We held the first ArchivePress team meeting at ULCC on Monday, to review the project plan and objectives.
The plan described in the Project Proposal still seems essentially reasonable and achievable. The project will have three main iterations, each dealing with a different corpus of blogs and with different technical and functional issues.
In Phase One (AP-1), we will simply use FeedWordPress to gather the content from the three blogs of the Digital Curation Centre. This will allow us to examine the results and flag issues for the next phase. Initial guidance on installing and configuring the software will be prepared.
Phases AP-2 and AP-3. will address, respectively, the issues of harvesting comments associated with blog posts, and gathering embedded objects (images, etc). Both Lincoln University and UKOLN have provisionally agreed that we can harvest their various blog outputs as part of this process.
The starting point of the AP approach is the hypothesis that collecting the content of the newsfeeds from blogs may be sufficient for many likely requirements of blog archiving.
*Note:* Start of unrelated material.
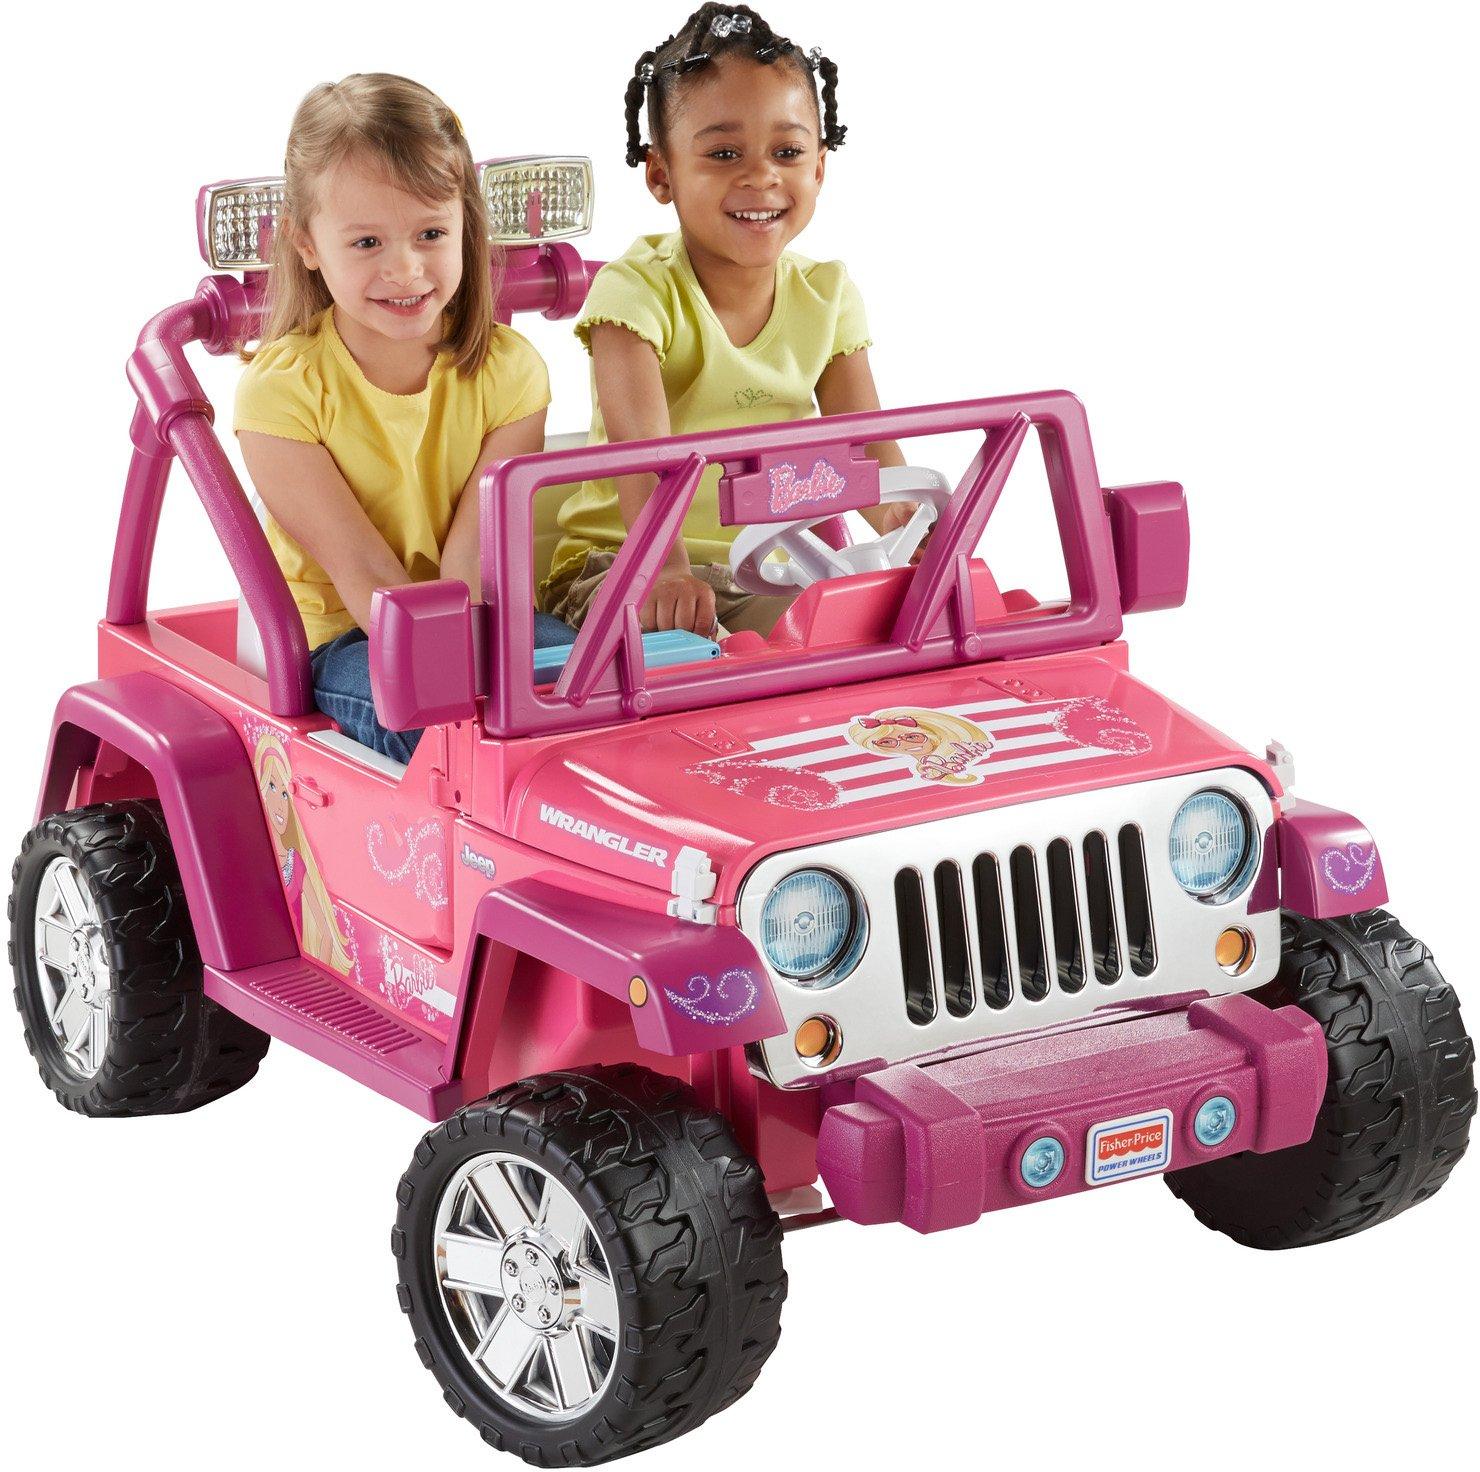 Power Wheels Barbie Deluxe Jeep Wrangler Toys Games Parts Diagram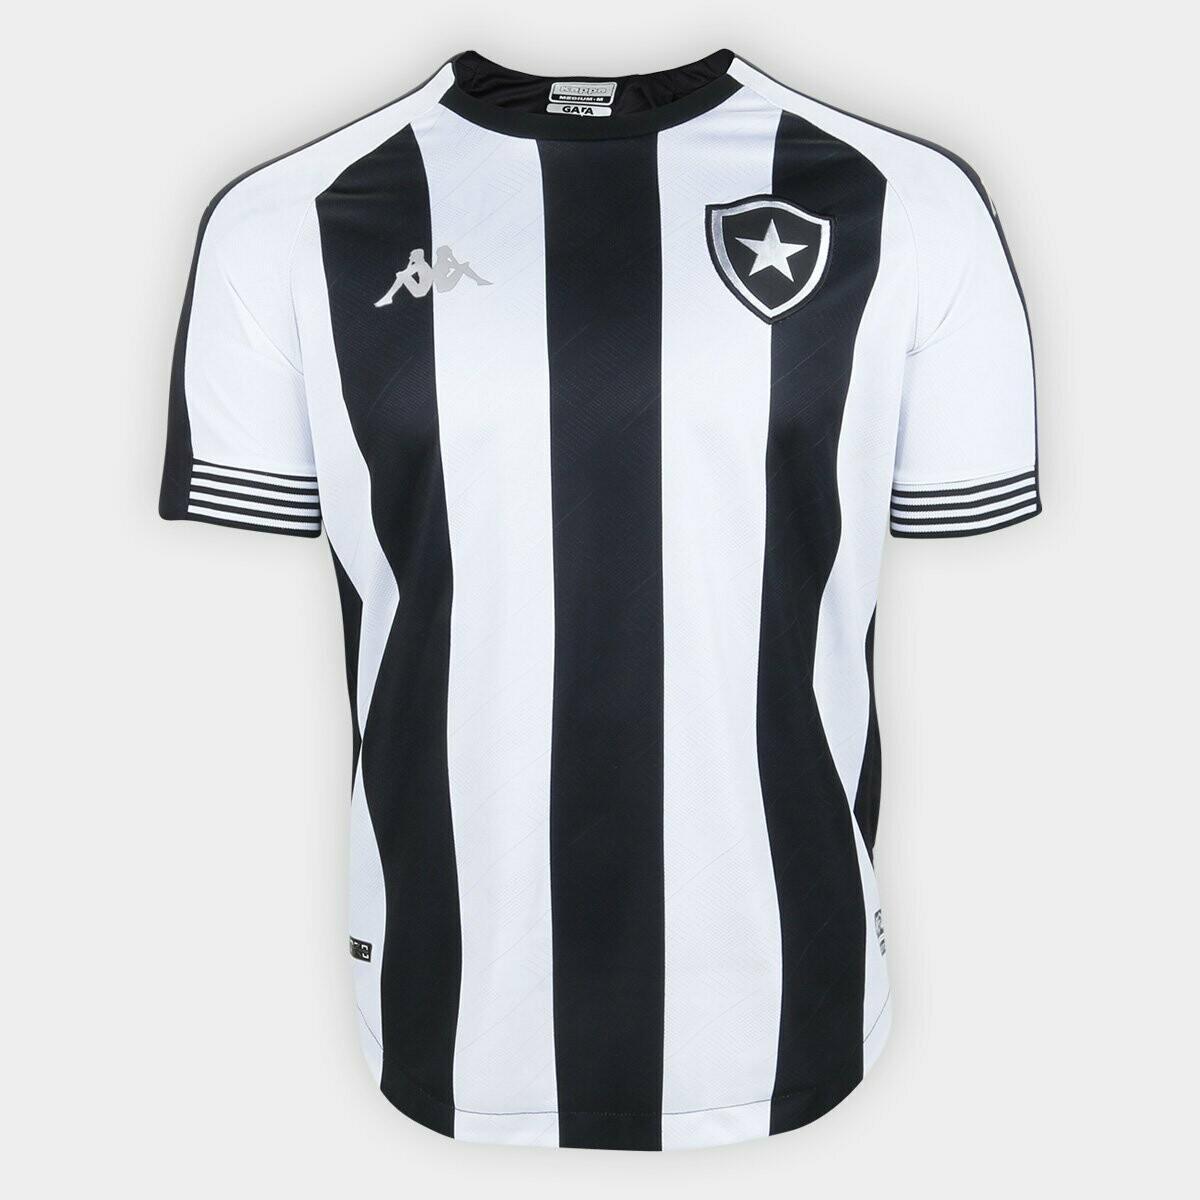 Camisa Botafogo I 20/21 Torcedor Kappa Masculina - Preto e Branco

This doesn’t mean necessarily that it is a fool-proof or instant solution, and the intention of the project is to determine, through practical investigation, how effective this approach is, what are its strengths and limitations.
We have a number of dissemination opportunities available. I am already confirmed as a speaker at The Enduring Web (BL, Tuesday 21st July), and at UKOLN’s IWMW 2009 (University of Essex, Tuesday 28th July). Other imminent opportunities include IWAW 2009 (at ECDL in Corfu, 30th Sept – 1st Oct), iPRES 2009 (San Francisco, Oct 5th – 6th) and IIPC at iPRES 2009 (Oct 7th). A proposal has already been submitted to iPRES. In addition, ULCC hopes to launch its AIDA digital preservation toolkit shortly, with a programme of DP events, and there may be scope to represent AP there.
This blog will be the central source of information about the project, and a place to publish our findings, and discuss what we are doing, how, and why. We hope to follow the successful model of the JISC-PoWR blog and encourage discussion from colleagues in the field, and maybe even some guest posts from eminent digital preservationists.
Maureen is going to focus her attention on user requirements and expectations, including legal, ethical and ownership issues, and the possible use cases, such as academic institutions, thematic collections, or local history projects: she will discuss her thoughts in another post. Ed will assess the relative merits of the AP approach and the web crawler approach of other web archiving endeavours, from the perspectives of both records-management and usability.
I will manage the WordPress configuration and customisation in the early phases, and expect to call on Rory’s help and advice for any advanced PHP development requirements. An environment is being set up on Google Code to support development work in due course.
My next tasks are to prepare the formal plan for our JISC Programme Manager, James Farnhill; and start configuring a WordPress installation for AP-1 – more on that in due course.